The end-to-end model can transfer and generalize its learned abilities and skills to other scenes through a completely data-driven mode, independently and efficiently solve all kinds of new long tail problems in the berthing scene, have faster iterative efficiency and effectively reduce the cost of opening a city.
In layman’s terms, it is to let AI Division learn the mature driving behavior of human beings, see a scene and make corresponding countermeasures. In fact, "end-to-end" has touched the threshold of AGI.
In 2016, the end-to-end model was first proposed by NVIDIA. But the real mass production practice began in these two years. At present, only Tesla’s FSD and China’s AI players’ CVPR 2023 best papers-UniAD.
The Smart Car Reference also asked the opinions of the two domestic self-driving head players about the construction site problems encountered by Waymo.
Horizon from the perspective of engineering practice, think:
AutopilotSite problems and end-to-end technology paradigms are not bound.. Theoretically speaking, the problem can also be solved if the perception ability is strong enough and the perception white list is rich enough.
But obviously, end-to-end autonomous learning ability and humanoid thinking will solve this problem on a larger scale and more efficiently.

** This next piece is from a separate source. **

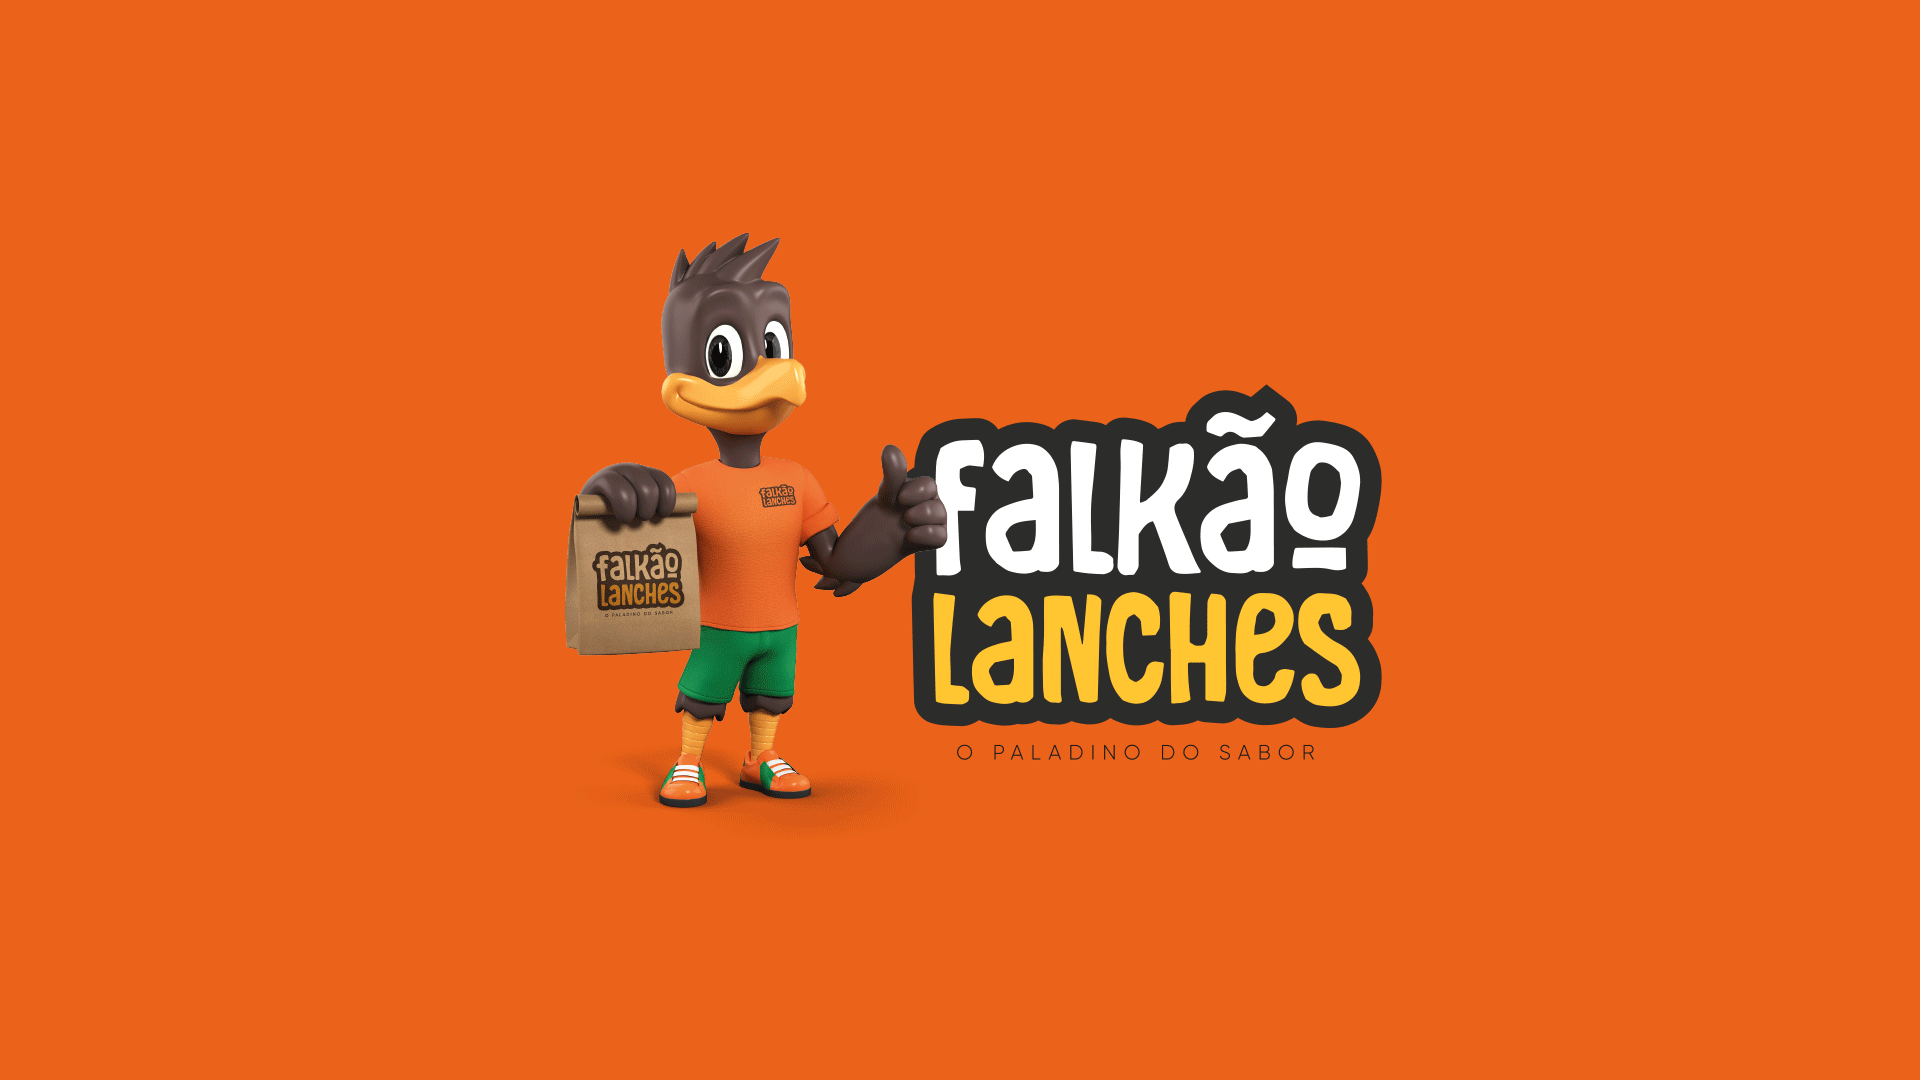 Galeria Falkão Lanches – Falkao Lanches

And Shang Tang’s view is more from the "first principle", and the relevant technical experts of Jueying Zhijia think:
Do not evaluate specific case. However, the perception of the traditional rule-based intelligent driving scheme still artificially defines the elements and abstracts the perceived information, which will lead to the loss and omission of the information transmission process and make it difficult for the perceptual decision-making module to make correct decisions. End-to-end is a neural network, which can input and transmit the information of the external environment without loss, understand the external traffic environment more accurately and completely, and make plans and decisions.
The rule scheme can solve a scenario by adding rules and patches. But there is not only one such scene, it is infinite. With enough data for learning and training, the end-to-end solution can think and drive like a human and solve more similar corner case by itself.
To sum up, Horizon and Shang Tang have different expressions, but the core is the same, and they all agree.End-to-end is the most effective way to solve Robotaxi site problems.. At the same time, it is the most efficient way to solve all kinds of long tail problems of autonomous driving.
By the way, I put forward UniAD’s CVPR 2023 best paper, which was written by scholars from Horizon and Shang Tang.
End-to-end innovation of traditional technology paradigm has given all players new opportunities: better intelligent driving experience, lower maintenance and generalization costs, and more competitive cost of autonomous driving scheme.
However, the price is the modular and rule-driven technical system in the past, which must be overthrown and reconstructed.
Waymo, the absolute leader of autonomous driving in the past, is now caught in the dilemma of "construction site", which further proves that the track of autonomous driving is "water is impermanent and soldiers are unpredictable":
Old stars may have their advantages reset to zero, and "latecomers" will also gain the lead.